In this way, lookahead scheduling circuitry 116 is enabled to begin execution of a second workgroup 155-2 before a first workgroup 155-1 stops using portions of compute unit resources 118 that are to be allocated to the second workgroup 155. That is, due to lookahead scheduling circuitry 116 receiving a resource release hint 125, lookahead scheduling circuitry 116 determines that the use of certain portions of compute unit resources 118 is about to end. Lookahead scheduling circuitry 116 is then enabled to begin execution of at least a portion of a prologue stage, compute stage, or both of a second workgroup 155-2 that does not require the portions compute unit resources 118 that are to be released. After these portions compute unit resources 118 are released by the first workgroup 155-1, lookahead scheduling circuitry 116 is then configured to complete the prologue stage, compute stage, or both of the second workgroup 155-2 using the released portions of compute unit resources 118. Because lookahead scheduling circuitry 116 is enabled to execute at least a portion of the second workgroup 155-2 even before the portions of compute unit resources 118 to be allocated to the second workgroup 155-2 are released from a first workgroup 155-1, lookahead scheduling circuitry 116 is configured to more quickly execute the second workgroup 155-2 which reduces processing times and improves processor efficiency. Additionally, because lookahead scheduling circuitry 116 is enabled to execute at least a portion of the second workgroup 155-2 even before the portions of compute unit resources 118 to be allocated to the second workgroup 155-2 are released from a first workgroup 155, the processing system 100 is enabled to delay (e.g., place later) the point (e.g., instruction) of a resource barrier 135 or dependency barrier 145 in the second workgroup 155-2. As such, a greater portion of the second workgroup 155-2 is able to be executed by AU 110 before a respective resource barrier 135 or dependency barrier 145 is reached, which reduces the total time needed to execute the kernel 105.

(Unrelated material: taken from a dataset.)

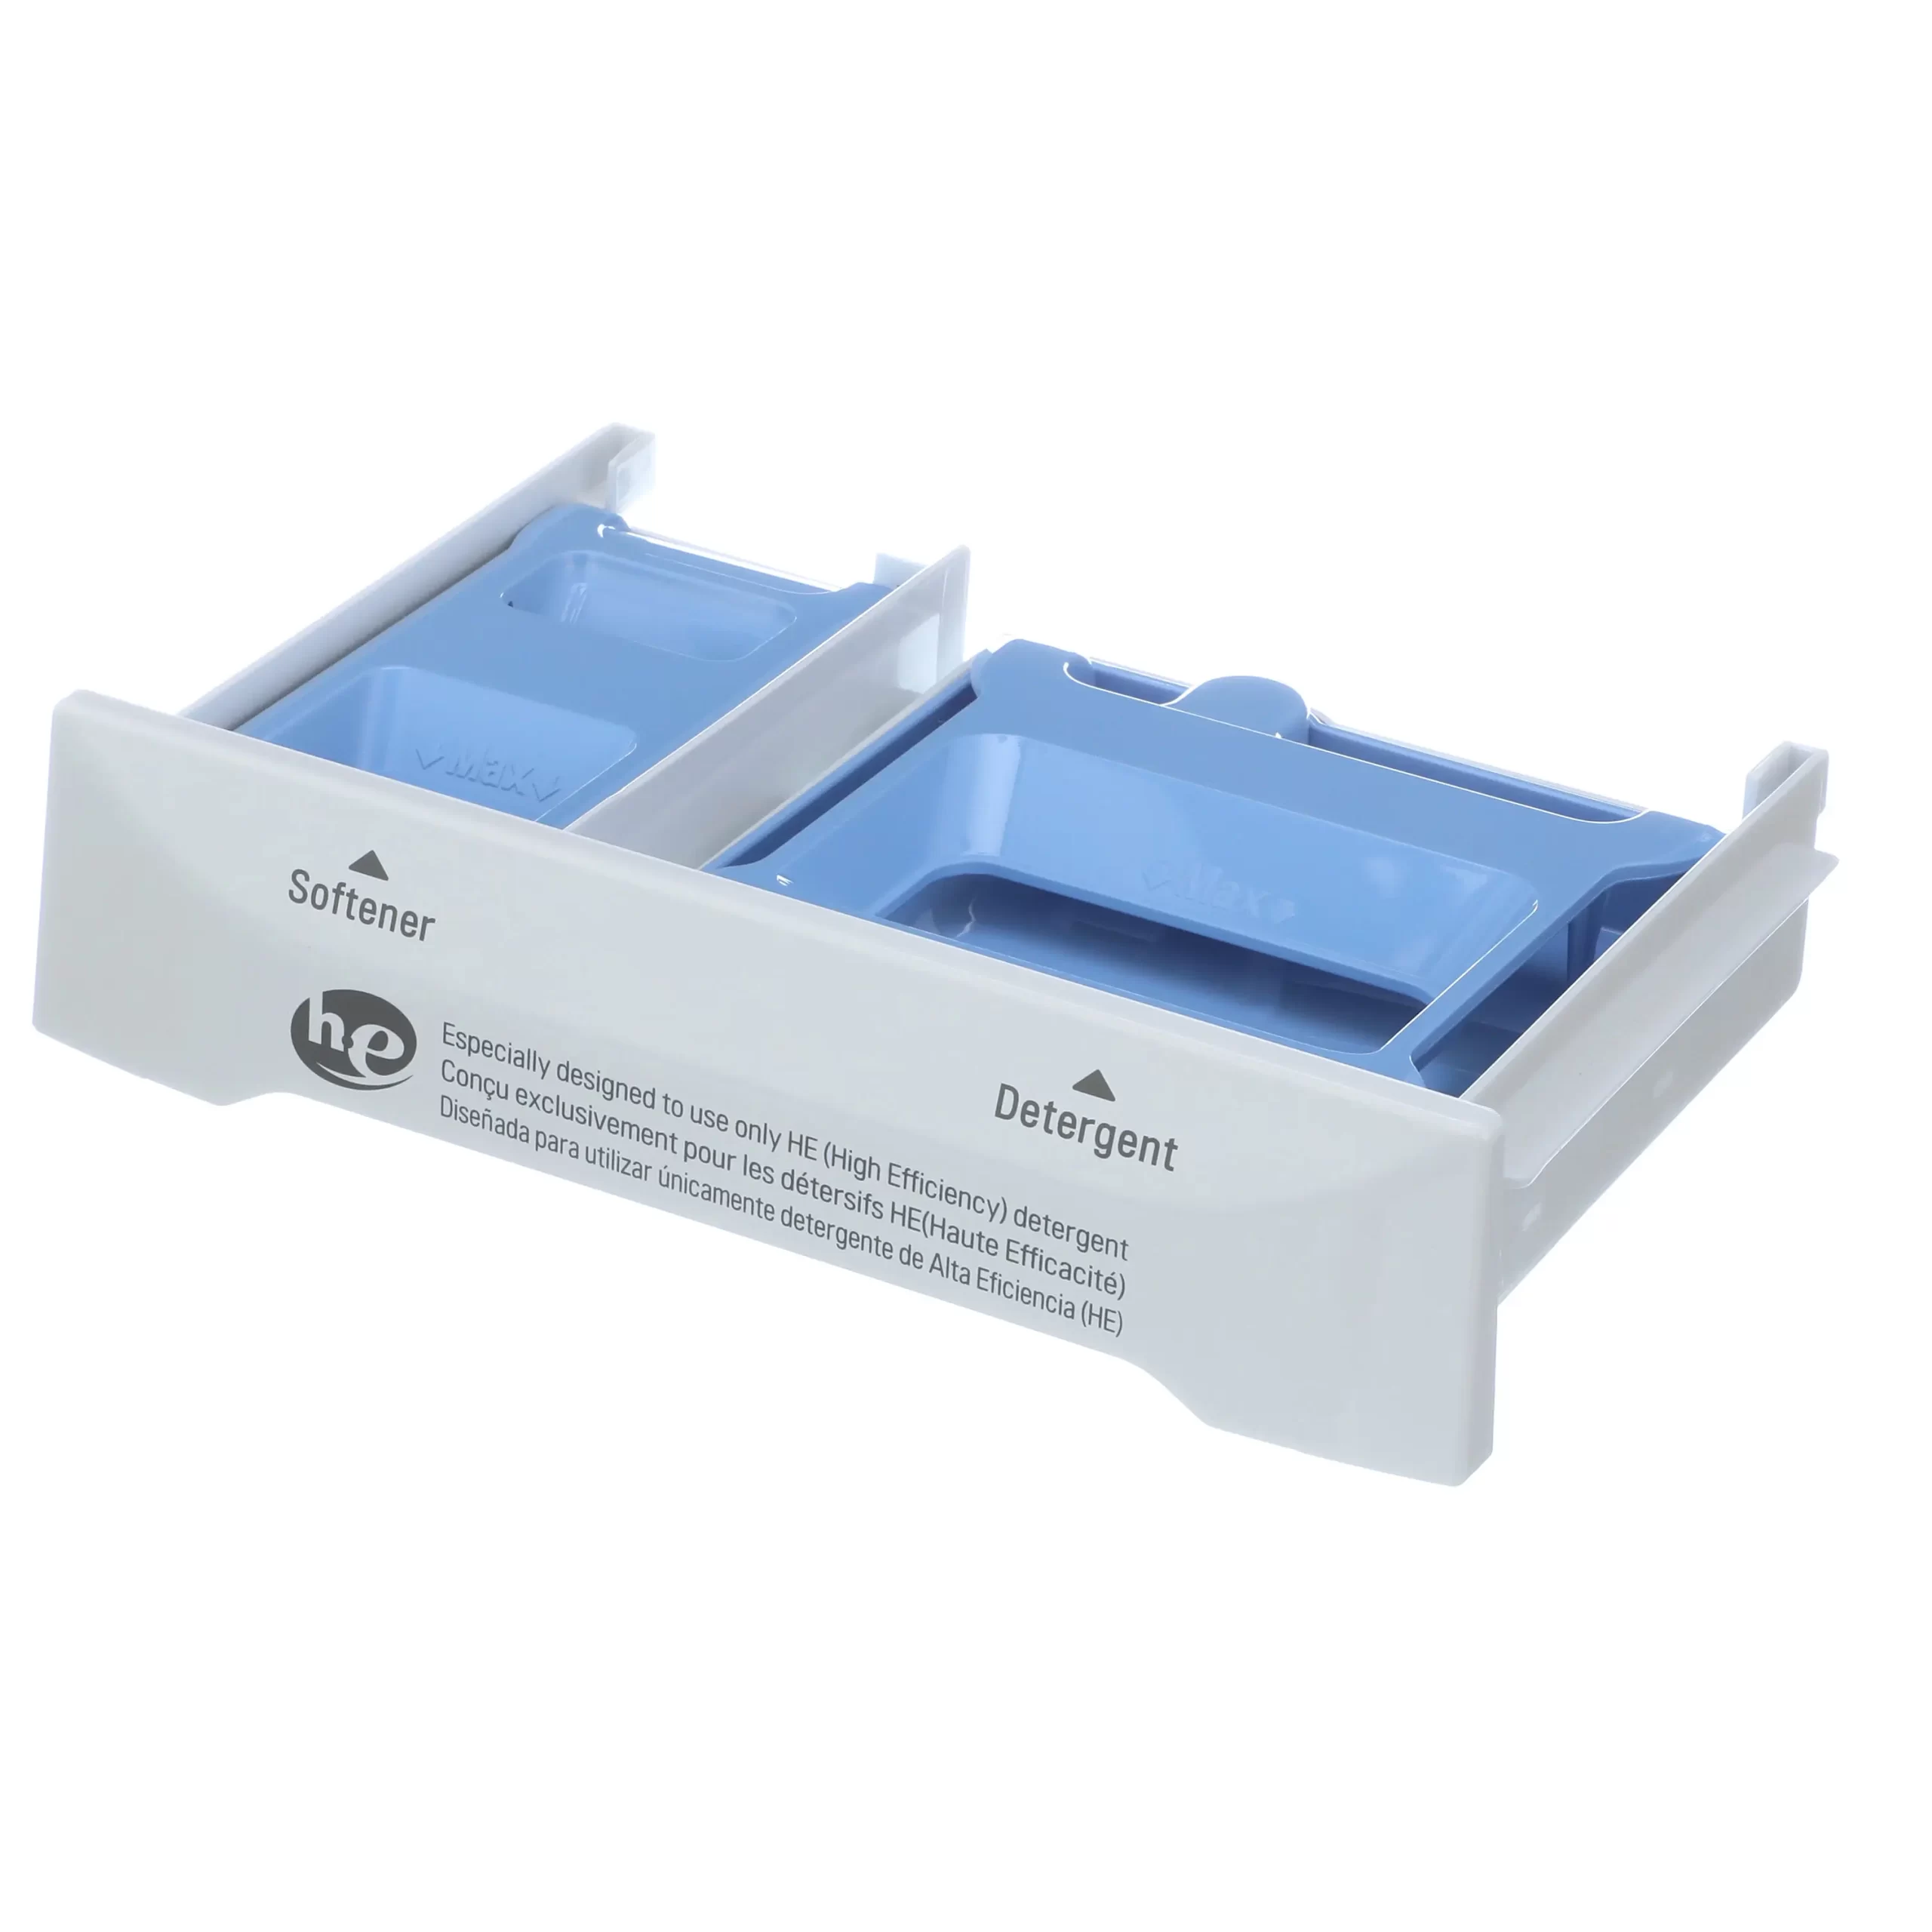 LG Washer Detergent Box Assembly. Part #AAZ72925601

Referring now to FIG. 2, is an example scheduling circuitry 200 configured for lookahead scheduling of workgroups, in accordance with some embodiments. In embodiments, example scheduling circuitry 200 is implemented in processing system 100 as lookahead scheduling circuitry 116 of AU 110. According to embodiments, example scheduling circuitry 200 is configured to schedule one or more workgroups 155 of a kernel 105 to corresponding compute units (228-1, 228-N) for execution. A compute unit 228, for example, is configured to execute one or more corresponding waves 115 or workgroups 155 indicated in a kernel 105. For example, a compute unit 228 includes one or more SIMD units that have one or more registers, buffers, arithmetic logic units (ALUs), or any combination thereof configured to execute the operations indicated in a wave 115 or workgroup 155. Further, in some embodiments, the SIMD units of a compute unit 228 are arranged into one or more waveslots configured to execute corresponding waves 115 of a workgroup 155. An example, two or more waveslots of a compute unit 228 are configured to concurrently execute corresponding waves 115 of a workgroup 155. According to some embodiments, one or more processor cores 114 of AU 110 are each configured to implement one or more compute units 228. Further, to enable these compute units 228 to execute a workgroup 155, each compute unit 228 includes or is otherwise connected to a corresponding set of compute unit resources 118 that include one or more LDSs 220, vector registers 222, scalar registers 224, caches 226 (e.g., instruction caches, data caches), or any combination thereof. Though the example embodiment presented in FIG. 2 shows example scheduling circuitry 200 as scheduling workgroups 155 on two compute units (228-1, 228-N) representing an N integer number of compute units of AU 110, in other embodiments, example scheduling circuitry 200 can scheduling workgroups 155 on any non-zero integer number of compute units of AU 110.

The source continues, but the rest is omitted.